Sponsors (6)
Introduced March 27, 2025 by Emilia Strong Sykes · Last progress March 27, 2025
The bill meaningfully strengthens infant/toddler food safety, monitoring, and FDA enforcement—improving protections for babies and consumers—but does so by imposing substantial compliance, administrative, and potential short-term supply/price burdens that fall heaviest on small manufacturers.
Parents, caregivers, and infants/toddlers gain stronger protections because the bill defines 'infant and toddler food' and requires routine testing, pathogen monitoring, and faster reporting, reducing the chance contaminated products reach young children.
Consumers and regulators benefit from improved traceability and enforcement because the bill strengthens records retention, gives FDA clearer authority to treat products from noncompliant facilities as adulterated, and shortens timeframes for regulatory follow-up and investigations.
Parents and consumers get more reliable safety testing because the bill requires representative sampling and use of internationally accredited laboratories, improving consistency and confidence in contaminant results.

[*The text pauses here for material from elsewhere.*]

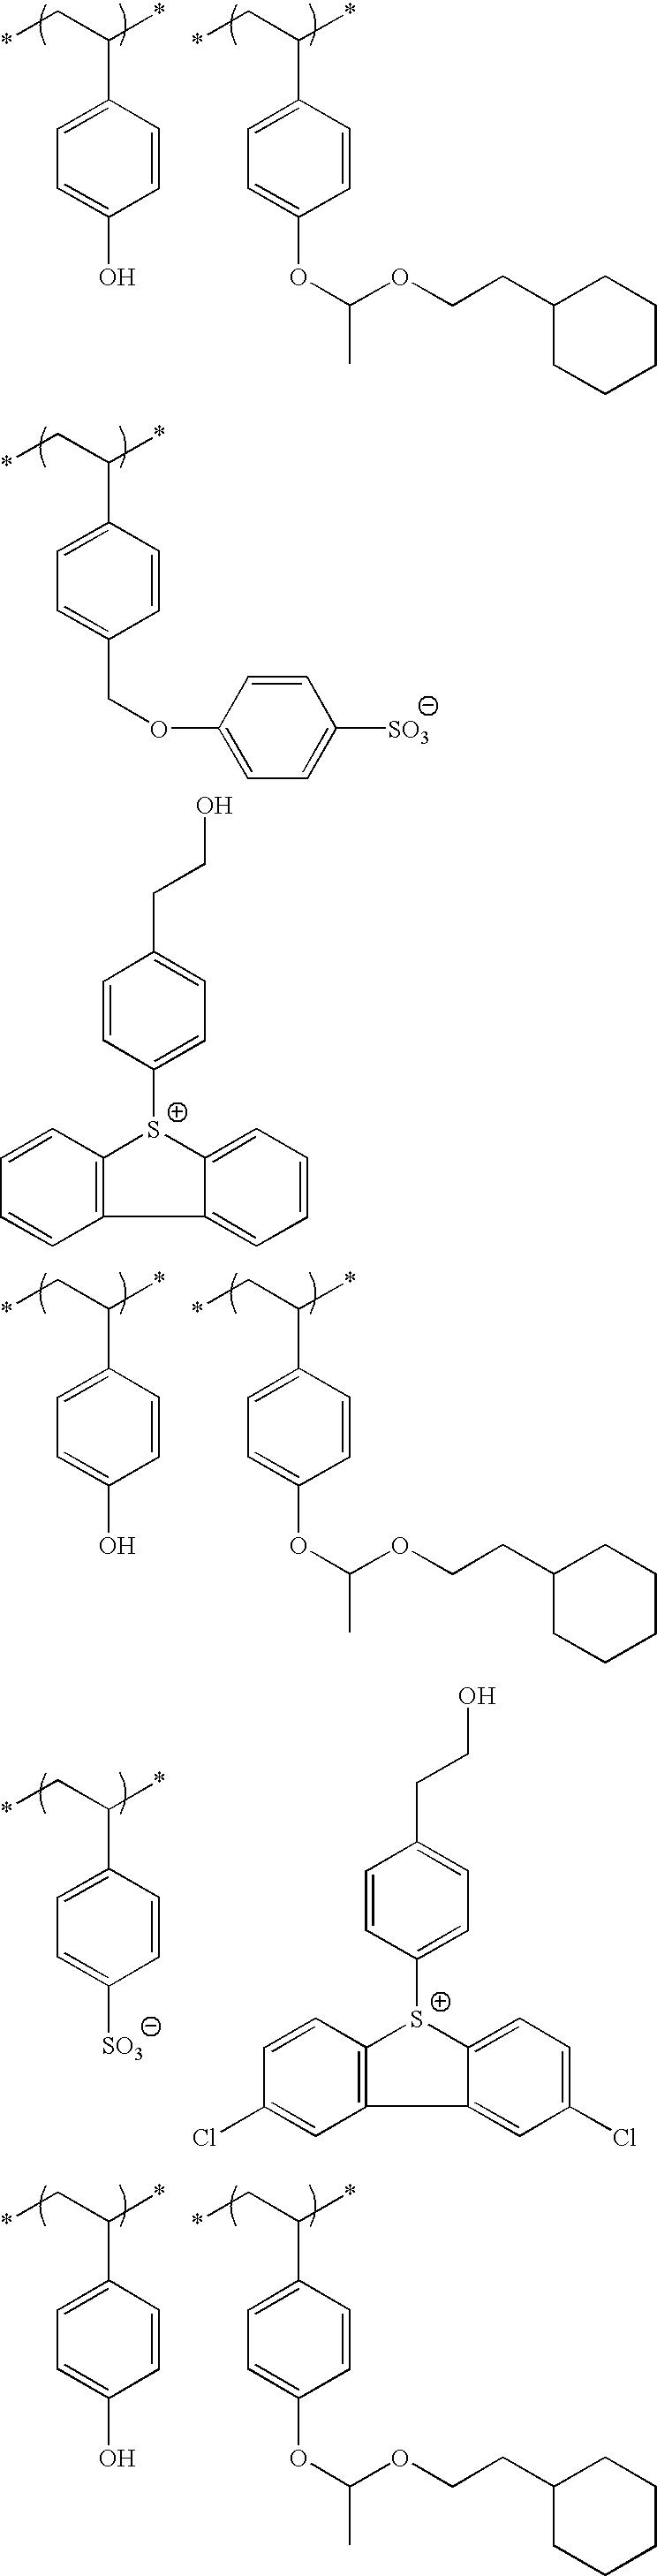 Figure US20100183975A1-20100722-C00152

Small and medium food manufacturers (including infant formula producers) will face significant new recurring costs because the bill requires frequent testing, accredited labs, program implementation, recordkeeping, and rapid reporting.
Parents, caregivers, and consumers may pay more and see fewer product choices because manufacturers are likely to pass compliance costs on to prices or withdraw/reformulate products to meet stricter definitions and limits.

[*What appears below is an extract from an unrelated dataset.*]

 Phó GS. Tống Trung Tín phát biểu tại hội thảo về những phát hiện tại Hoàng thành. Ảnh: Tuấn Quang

Parents and babies risk short-term shortages or local supply disruptions because rapid reporting requirements and conservative holds or recalls can remove products from the market quickly while facilities investigate or remediate.
Based on analysis of 8 sections of legislative text.
Mandates routine sampling, testing, recordkeeping, pathogen reporting, and environmental monitoring for infant/toddler foods and powdered infant formula and expands FDA record-request authority.
Requires manufacturers and food facility operators who make infant and toddler foods (including infant formula) to collect and test final-product samples for heavy metals and other contaminants on a regular basis, keep records, and use accredited labs. Expands FDA authority to request records in lieu of inspections, makes failure to follow sampling/testing rules render a product "adulterated," requires 24-hour reporting of confirmed environmental pathogens in infant formula, and forces powdered formula makers to run documented environmental monitoring programs for Cronobacter and Salmonella. FDA must issue guidance within set timelines and many requirements become enforceable after specified waiting periods.